--- Raw data ---
Segment Open
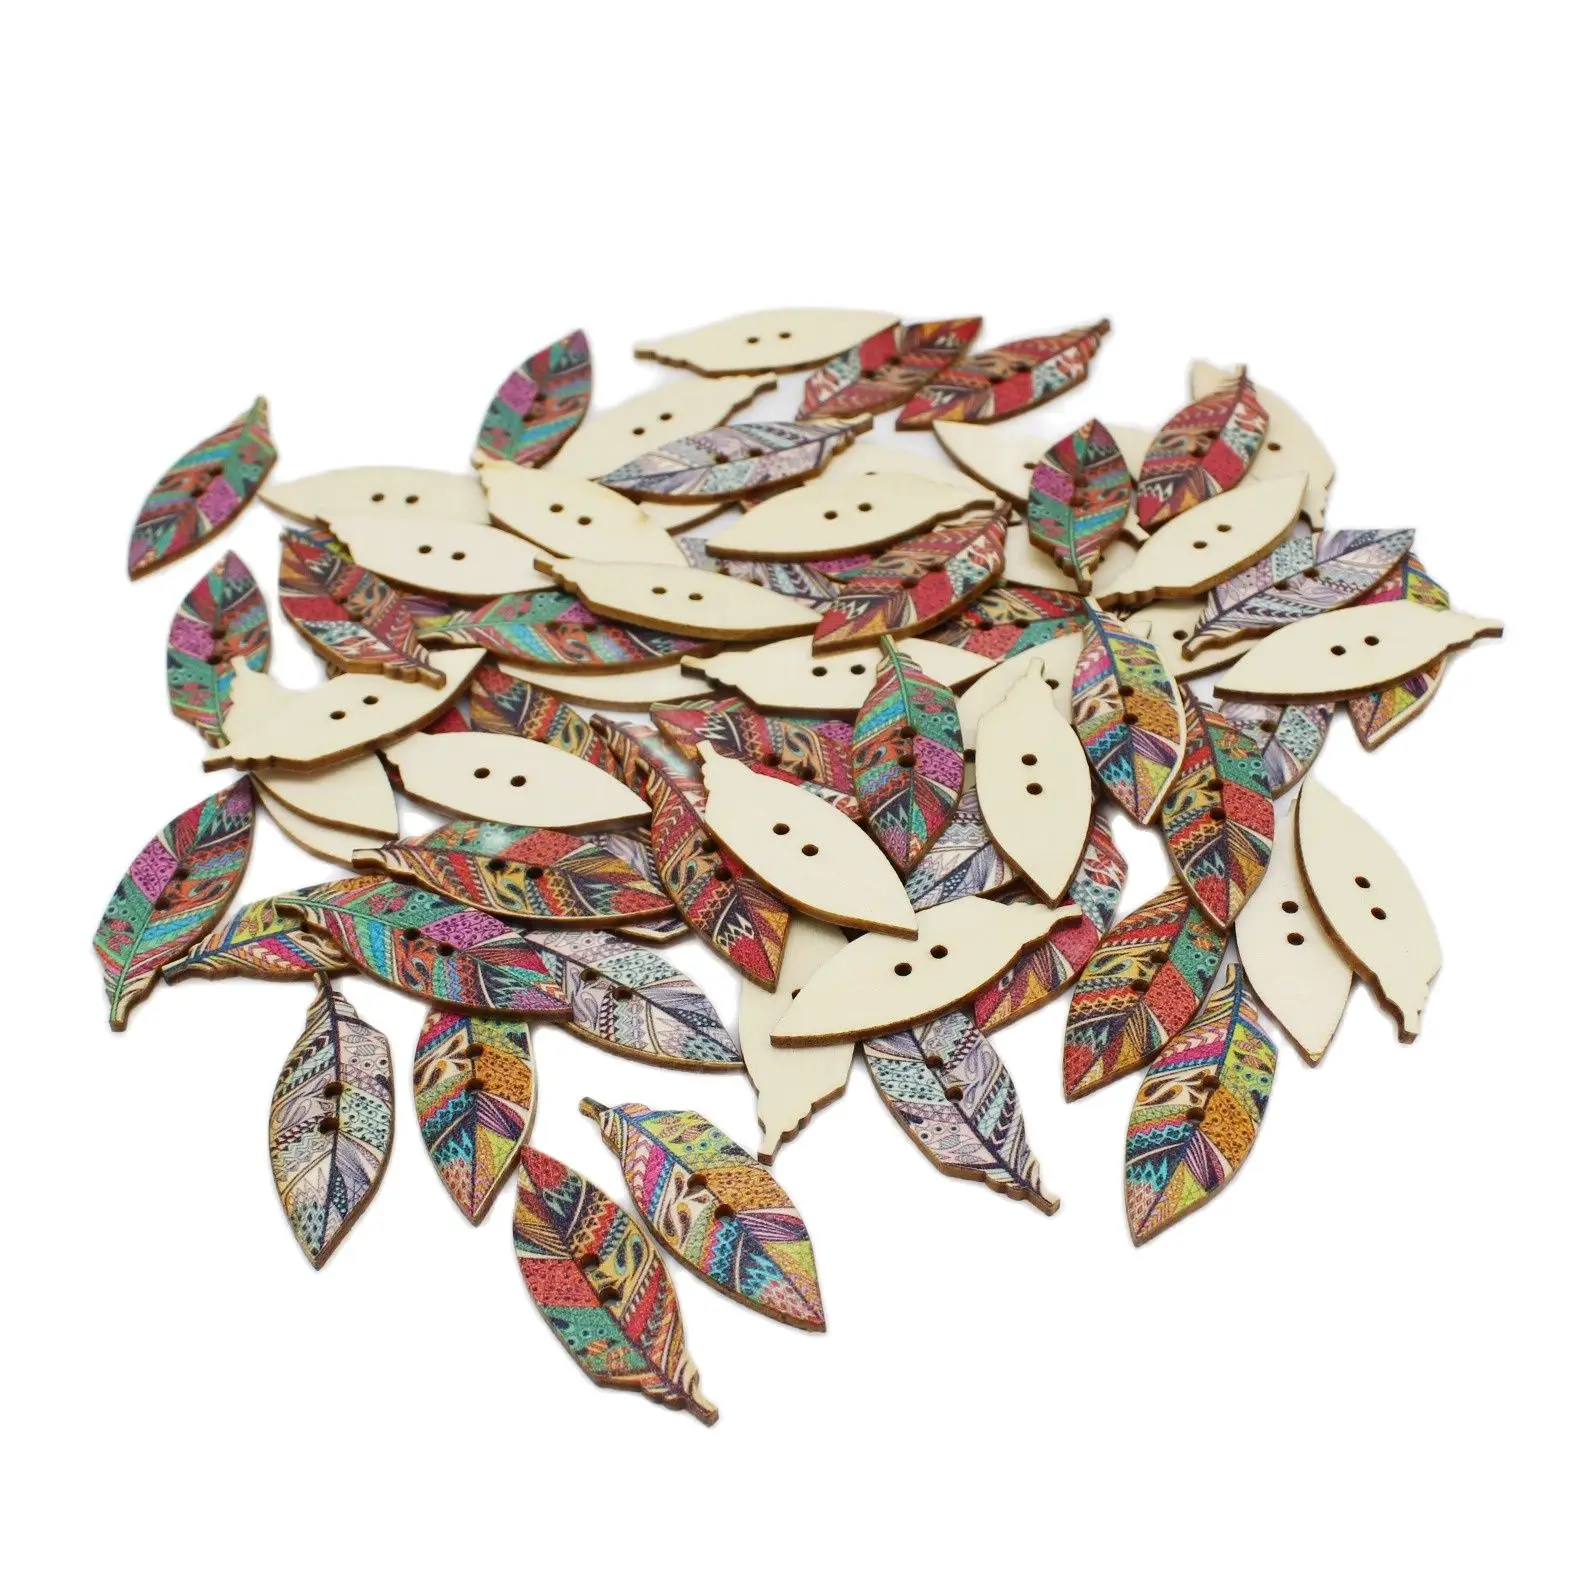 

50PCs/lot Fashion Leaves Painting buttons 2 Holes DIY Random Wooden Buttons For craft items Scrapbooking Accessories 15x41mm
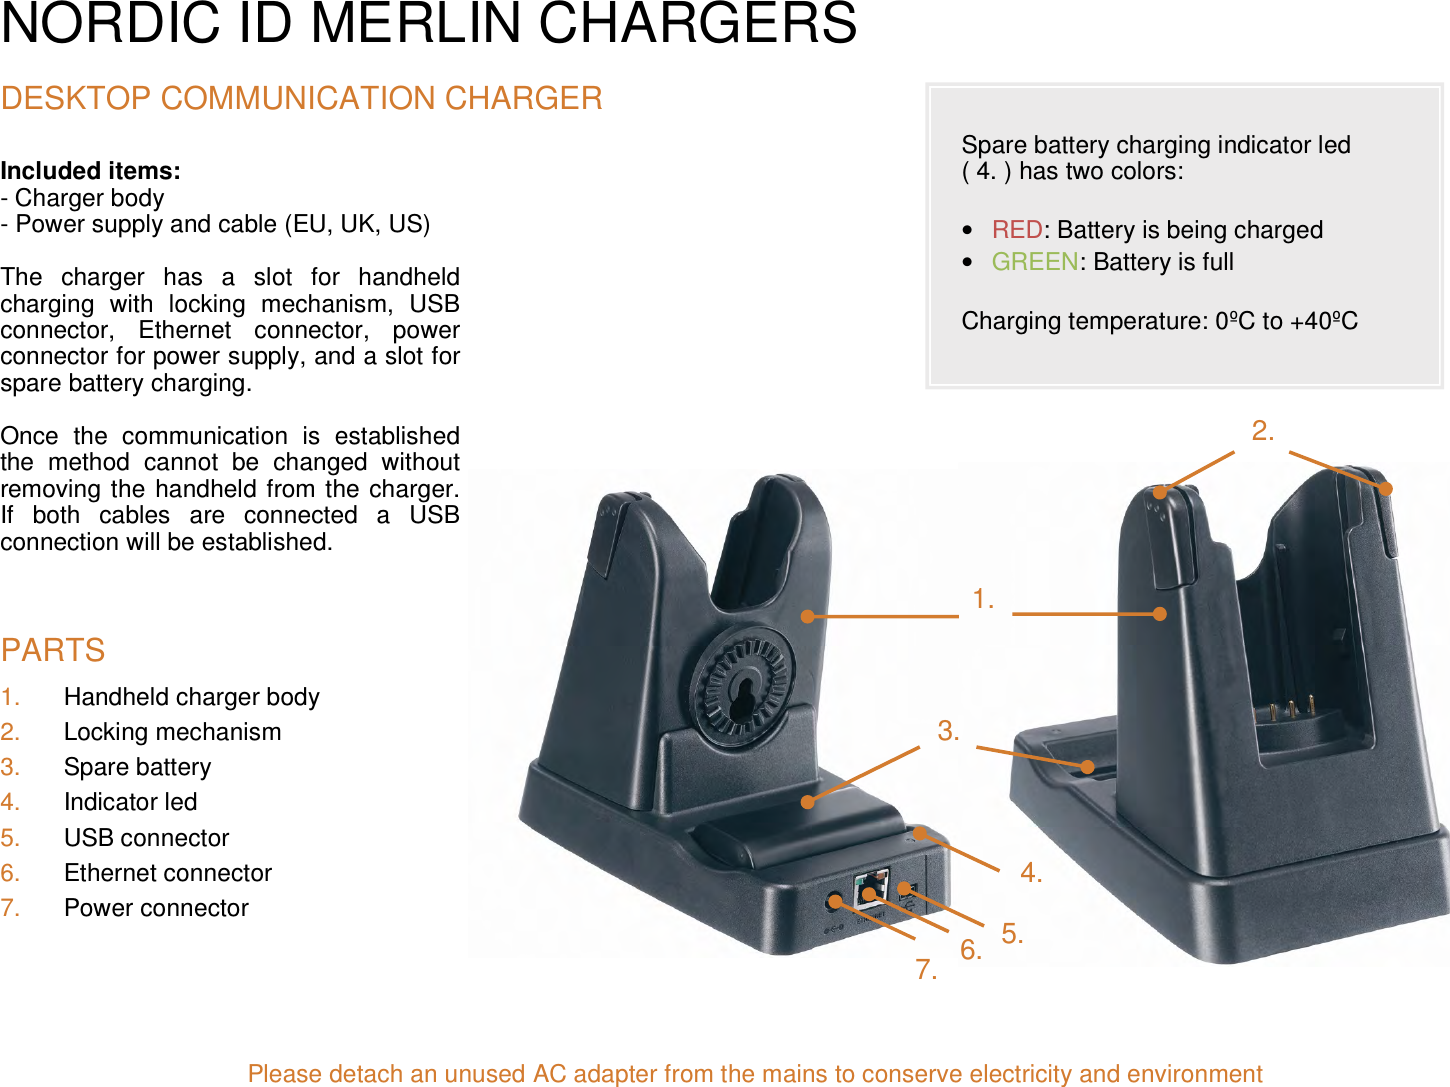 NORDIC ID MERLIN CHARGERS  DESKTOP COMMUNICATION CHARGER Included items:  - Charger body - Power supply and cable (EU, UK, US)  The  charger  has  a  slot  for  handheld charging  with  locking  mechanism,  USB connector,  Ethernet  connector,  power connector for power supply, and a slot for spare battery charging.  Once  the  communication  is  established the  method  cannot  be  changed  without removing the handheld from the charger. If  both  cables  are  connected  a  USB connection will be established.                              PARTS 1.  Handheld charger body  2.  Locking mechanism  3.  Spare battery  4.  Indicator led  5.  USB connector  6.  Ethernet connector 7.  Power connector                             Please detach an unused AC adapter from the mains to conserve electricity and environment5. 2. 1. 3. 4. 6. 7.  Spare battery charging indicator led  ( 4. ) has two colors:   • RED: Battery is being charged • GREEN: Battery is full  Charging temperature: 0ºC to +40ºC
Segment Closed
Segment Open
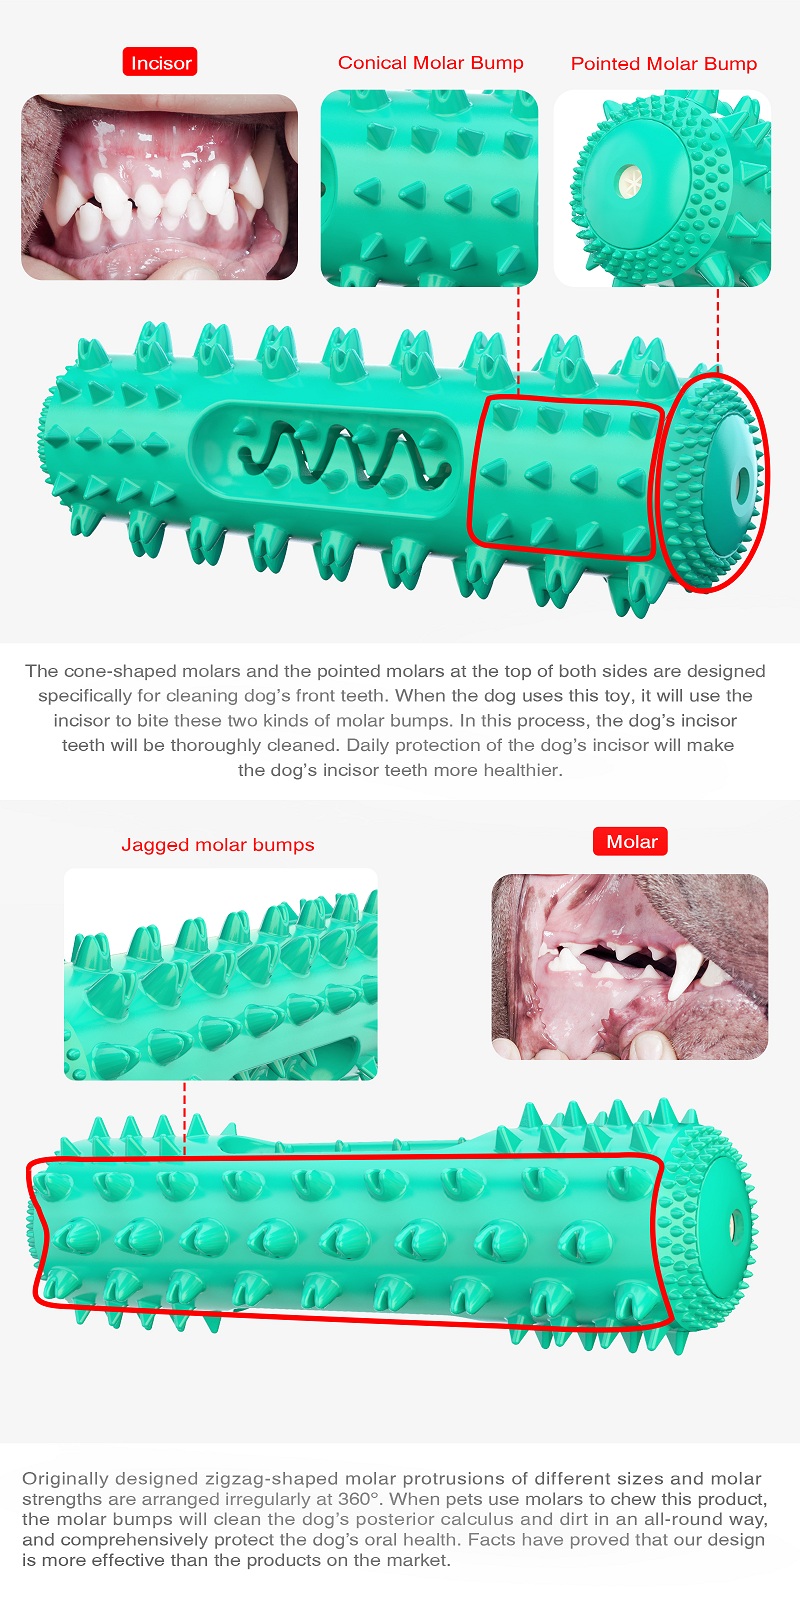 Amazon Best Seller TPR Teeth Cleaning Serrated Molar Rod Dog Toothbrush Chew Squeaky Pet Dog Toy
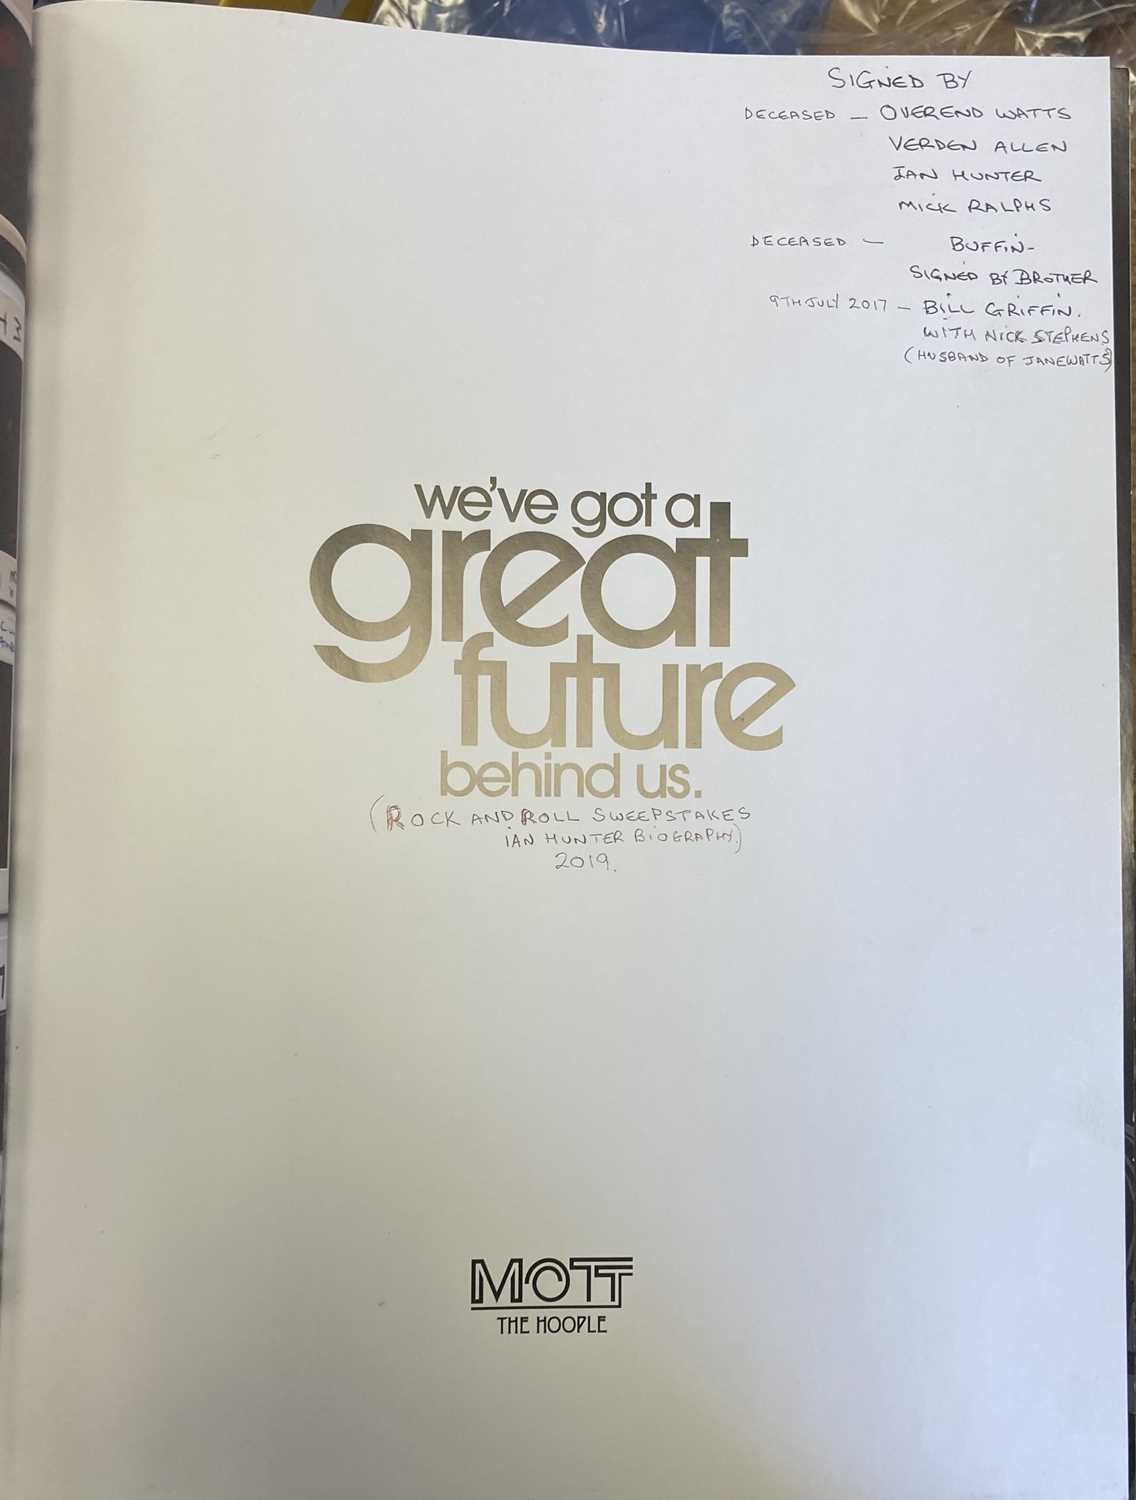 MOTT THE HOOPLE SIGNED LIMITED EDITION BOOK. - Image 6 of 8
Segment Closed
--- Assignment ---
Because only one stretch of the records is wanted, please output the lines from the one holding "Amazon Best Seller" through the one holding "MOTT THE HOOPLE" exactly, both included, and leave every picture out.

--- Result of this task ---
 Amazon Best Seller TPR Teeth Cleaning Serrated Molar Rod Dog Toothbrush Chew Squeaky Pet Dog Toy
 MOTT THE HOOPLE SIGNED LIMITED EDITION BOOK. - Image 6 of 8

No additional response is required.